To cite this article:

Nicholas A. Nechval, Konstantin N. Nechval. Efficient Approach to Pattern Recognition Based on Minimization of Misclassification Probability. American Journal of Theoretical and Applied Statistics. Special Issue: Novel Ideas for Efficient Optimization of Statistical Decisions and Predictive Inferences under Parametric Uncertainty of Underlying Models with Applications. Vol. 5, No. 2-1, 2016, pp. 7-11. doi: 10.11648/j.ajtas.s.2016050201.12


Abstract: In this paper, an efficient approach to pattern recognition (classification) is suggested. It is based on minimization of misclassification probability and uses transition from high dimensional problem (dimension p≥2) to one dimensional problem (dimension p=1) in the case of the two classes as well as in the case of several classes with separation of classes as much as possible. The probability of misclassification, which is known as the error rate, is also used to judge the ability of various pattern recognition (classification) procedures to predict group membership. The approach does not require the arbitrary selection of priors as in the Bayesian classifier and represents the novel pattern recognition (classification) procedure that allows one to take into account the cases, which are not adequate for Fisher’s classification rule (i.e., the distributions of the classes are not multivariate normal or covariance matrices of those are different or there are strong multi-nonlinearities). Moreover, it also allows one to classify a set of multivariate observations, where each of the observations belongs to the same unknown class. For the cases, which are adequate for Fisher’s classification rule, the proposed approach gives the results similar to that of Fisher’s classification rule. For illustration, practical examples are given.

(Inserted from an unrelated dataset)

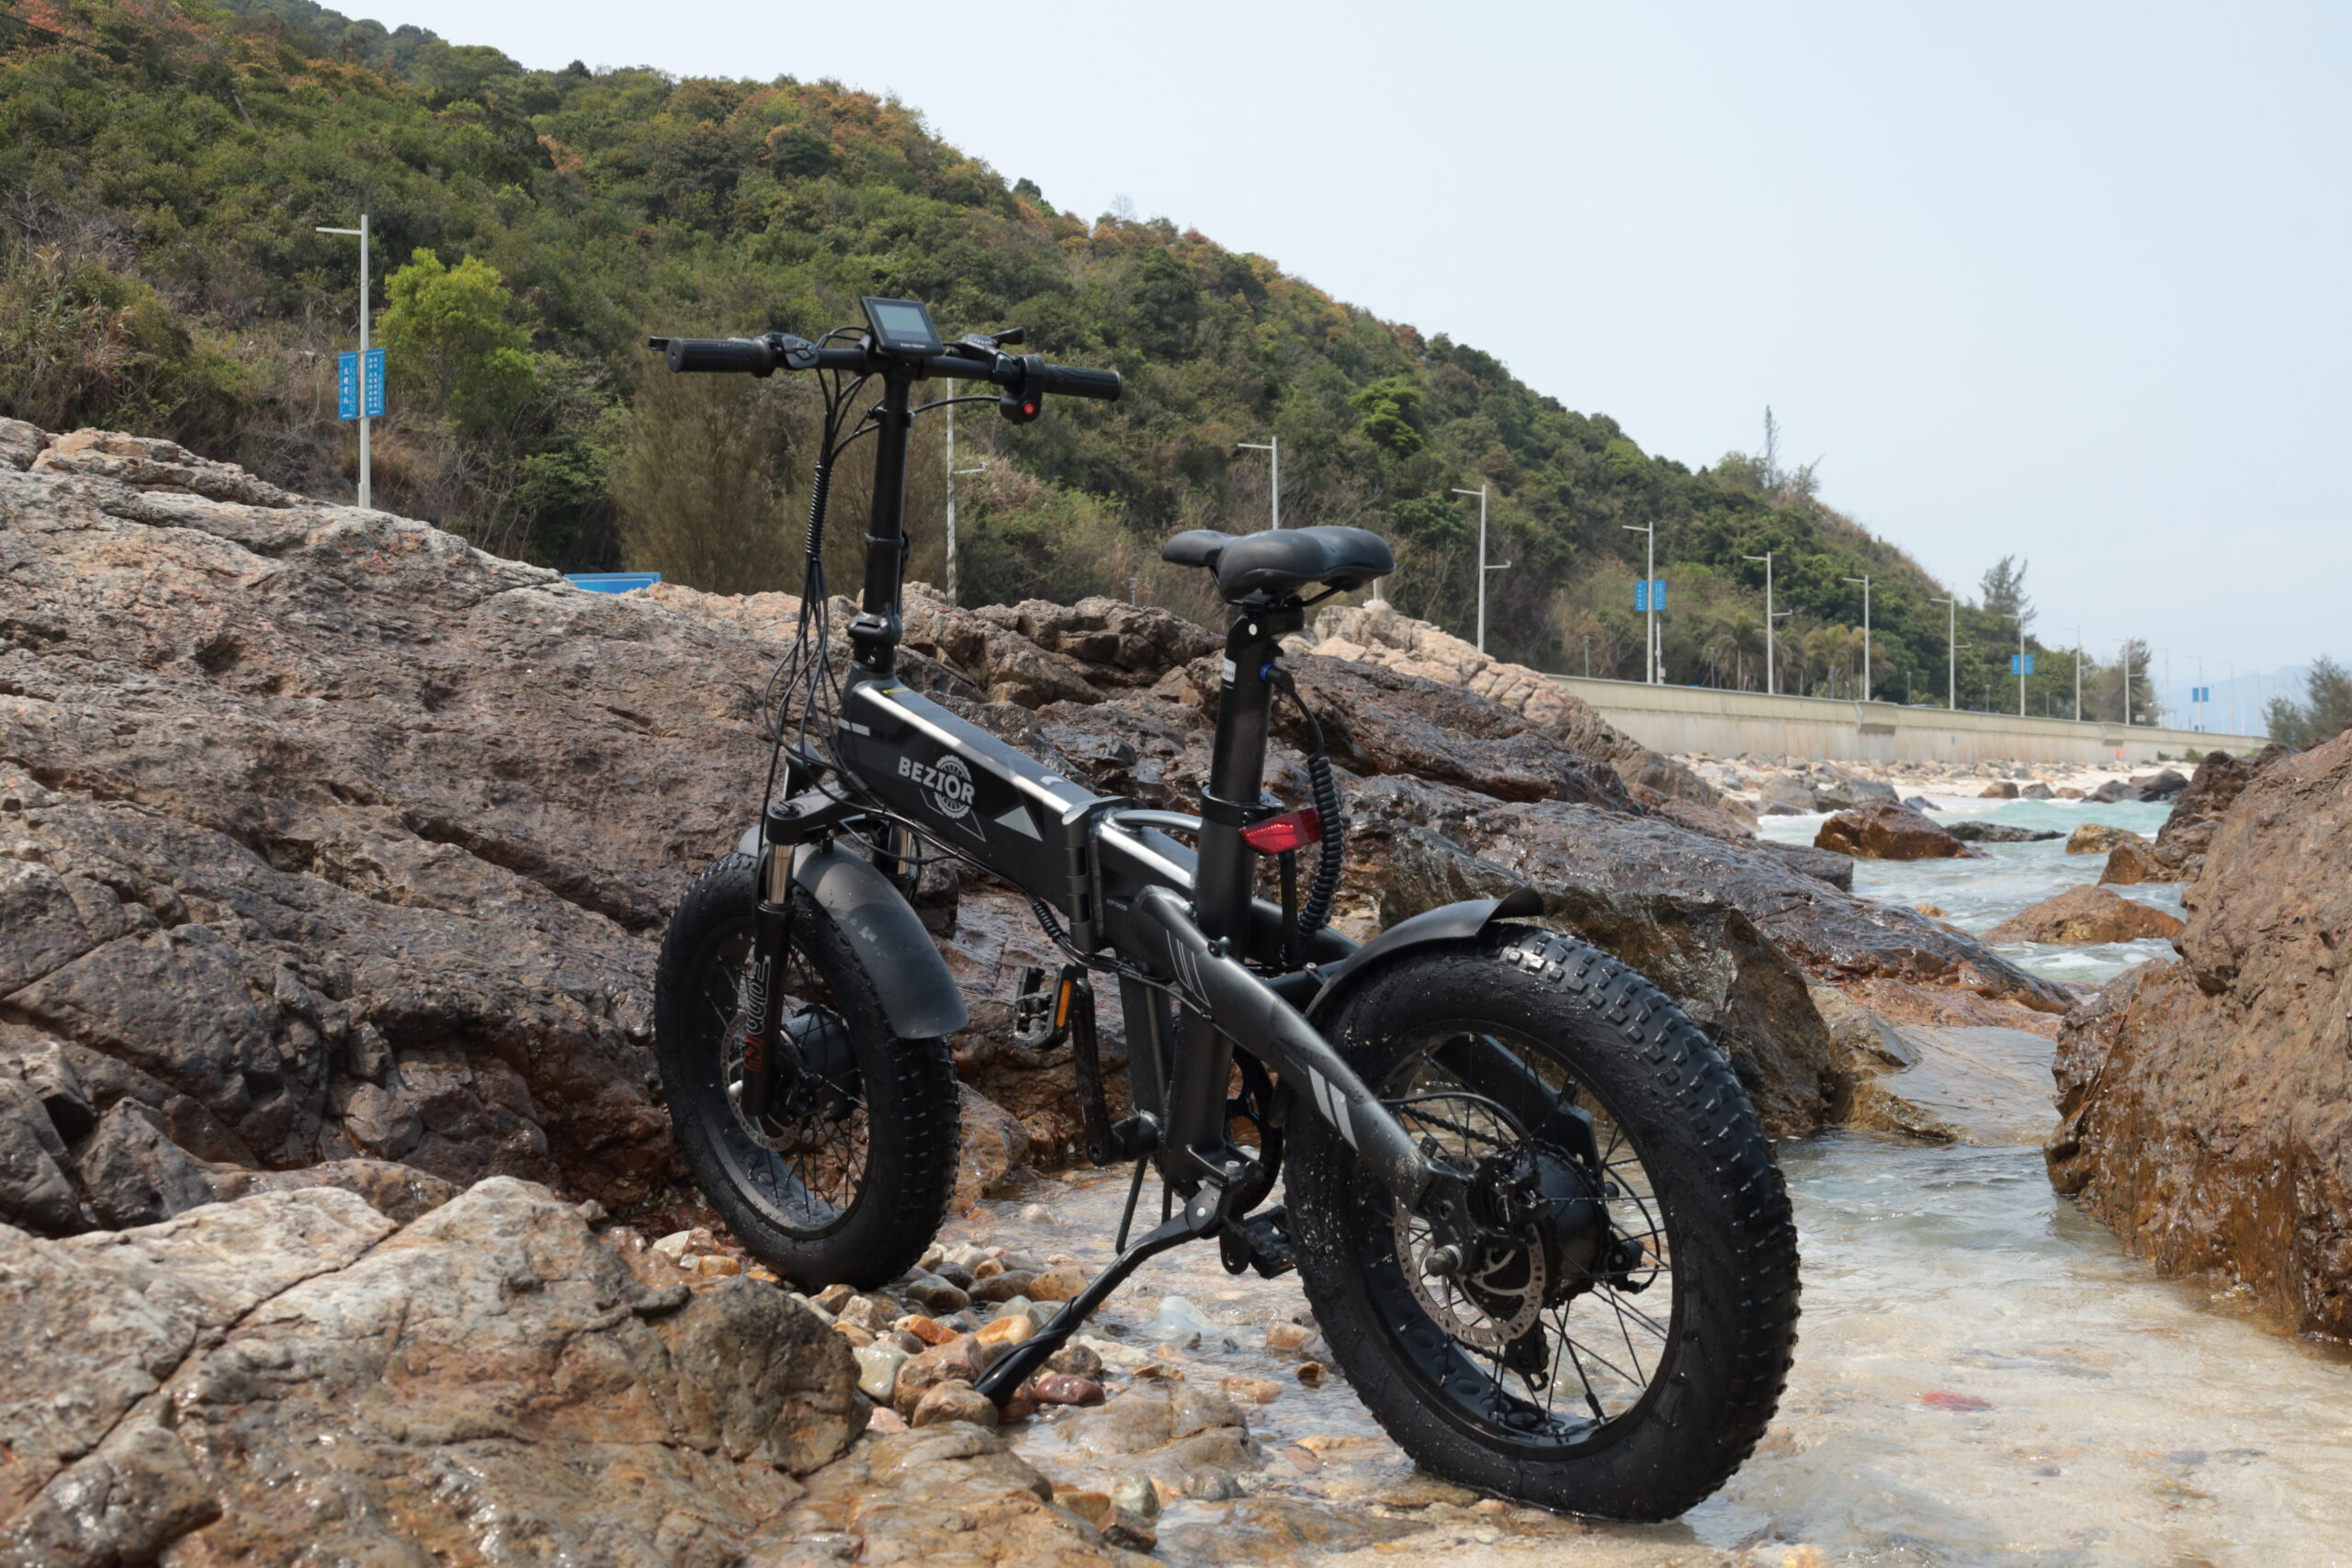 BEZIOR XF005, la bici elettrica da montagna con motori potenti

Keywords: Pattern, Recognition, Classification, Misclassification, Probability, Minimization


1. Introduction

Pattern recognition aim is to classify data (patterns) based on statistical information extracted from the patterns [1,2]. It provides the solution to various problems from speech recognition, face recognition to classification of handwritten characters and medical diagnosis. The various application areas of pattern recognition are like bioinformatics, document classification, image analysis, data mining, industrial automation, biometric recognition, remote sensing, handwritten text analysis, medical diagnosis, speech recognition, statistics, diagnostics, computer science, biology and many more. Pattern recognition aim is to classify data (patterns) based on either a priori knowledge or on statistical information extracted from the patterns. Fisher’s linear discriminant rule (FLDR) is the most widely used classification rule [3-9 and references therein]. Some of the reasons for this are its simplicity and unnecessity of strict assumptions. In its original form, proposed by Fisher, the method assumes equality of population covariance matrices, but does not explicitly require multivariate normality. However, optimal classification performance of Fisher's discriminant function can only be expected when multivariate normality is present as well, since only good discrimination can ensure good allocation. In practice, we often are in need of analyzing input data samples, which are not adequate for Fisher’s classification rule, such that the distributions of the groups (classes, populations) are not multivariate normal or covariance matrices of those are different or there are strong multi-nonlinearities.

In this paper, an efficient approach to pattern recognition (classification) is proposed. It is based on minimization of misclassification probability. The approach does not require the arbitrary selection of priors as in the Bayesian classifier and represents the novel procedure that allows one to analyze input data samples, which are not adequate for Fisher’s pattern classification rule (i.e., the distributions of the classes are not multivariate normal or covariance matrices of those are different or there are strong multi-nonlinearities). For the cases, which are adequate for Fisher’s classification rule, the proposed approach gives the results similar to that of Fisher’s rule. Moreover, it also allows one to classify the set of multivariate observations, where each of the observations belongs to the same class. This approach uses transition from high dimensional problem (dimension p³2) to one dimensional problem (dimension p=1) in the case of the two classes as well as in the case of several classes with separation of classes as much as possible. The probability of misclassification, which is known as the error rate, is also used to judge the ability of various pattern recognition (classification) procedures to predict group membership.

2. Approach to Pattern Recognition

2.1. Approach to Pattern Recognition (Classification) in the Case of Two Classes

Let

(1)

be samples of observed vectors of attributes of objects from two different classes C1 and C2, respectively. In this case, the proposed approach to pattern recognition (classification) is as follows.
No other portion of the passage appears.